We can figure out the initial volume backwards from the final conditions using the ideal gas law (P*V=n*R*T).

We want to use the ideal gas constant that corresponds to the given units. R=0.08206 L atm /(mol K).

First we should solve for n, the number of moles using the formula n= P*V / (R*T)

Using the final conditions of P_{F} = 1.2 atm, V_{F} = 48 Liters, and T_{F} = 320 K, we get n = 2.19 moles.

It's important to know that for a closed, non-reacting volume of a gas, the number of moles, n, is a constant no matter how the conditions change.

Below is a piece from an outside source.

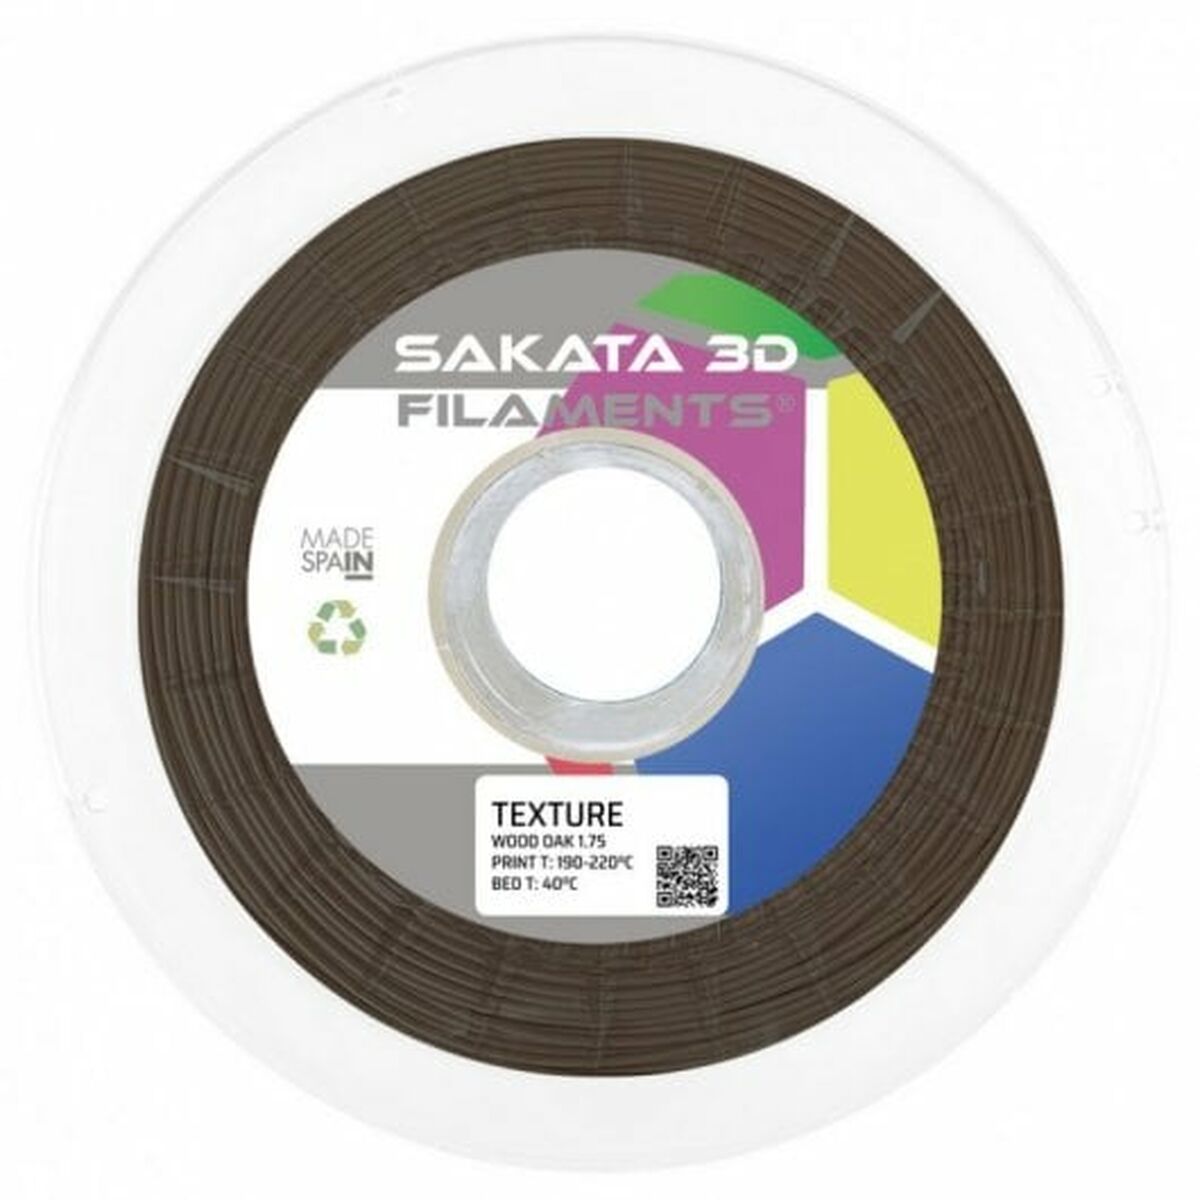 Bobina di Filamento Sakata 3D 10417657 PLA TEXTURE Ø 1,75 mm Marrone
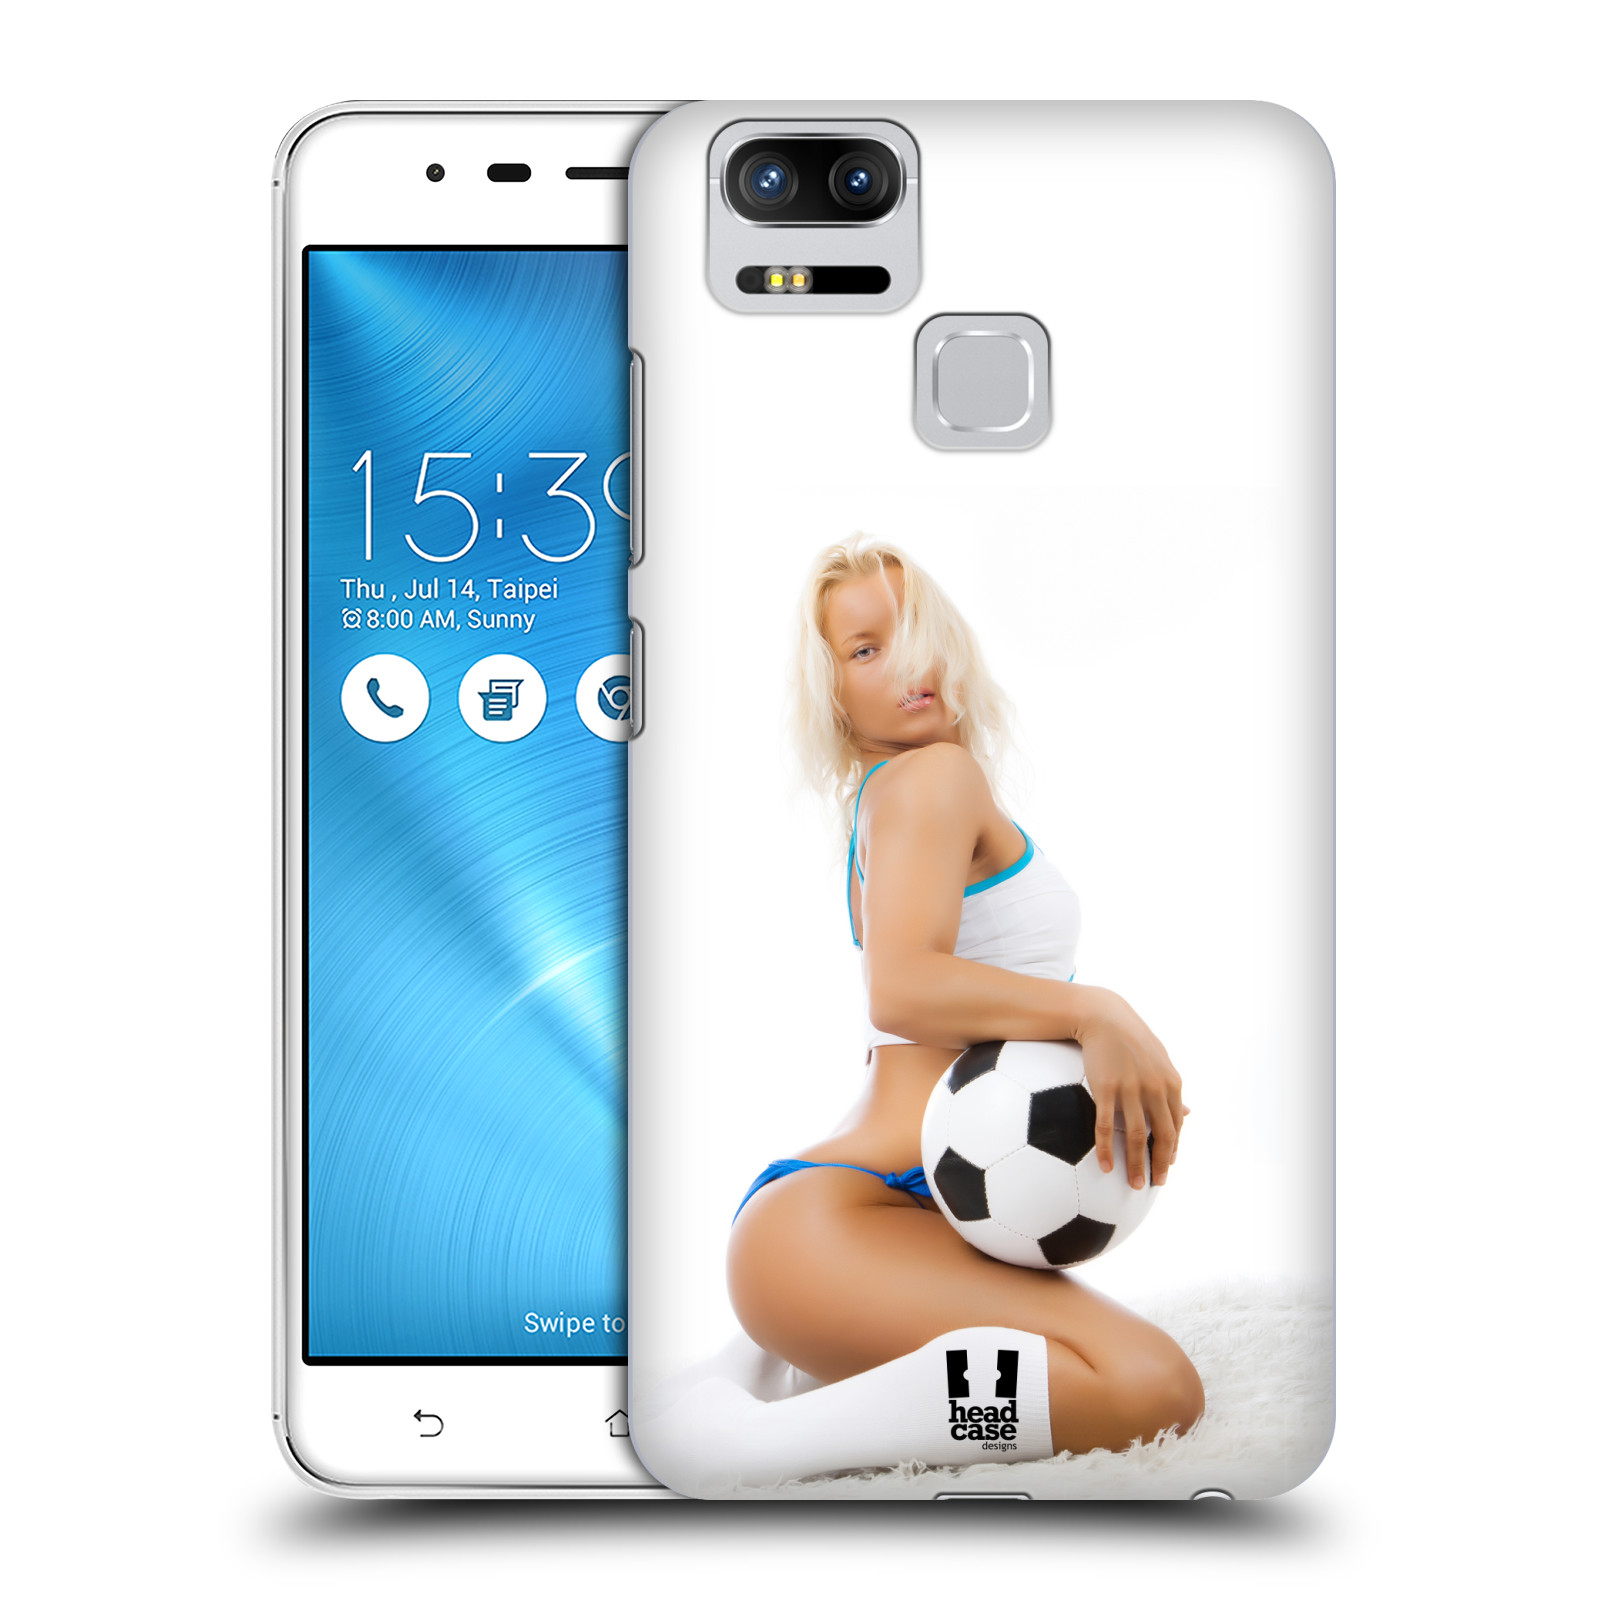 HEAD CASE plastový obal na mobil Asus Zenfone 3 Zoom ZE553KL vzor Fotbalové modelky BLONDÝNKA

So, now that we know n, we can solve for the initial volume by rearranging the ideal gas law again. V= (n*R*T)/P.

Using the initial conditions of T_{I} = 325 K, P_{I} = 0.5 atm, and n= 2.19 moles, we get V_{I} = 117 L.

Another easier and quicker method of solving this uses the fact that both the ideal gas constant and n are constants. From the ideal gas law this means P*V / T = n*R = constant. Therefore P_{I}*V_{I} / T_{I} = P_{F}*V_{F} / T_{F}.

We rearrange to solve for initial volume: V_{I }= P_{F}*V_{F}*T_{I }/ (P_{I}*T_{F})

Using this method we get the same answer V_{I}=117 L, without having to solve for n, the number of moles or using the ideal gas constant. Hope this helps!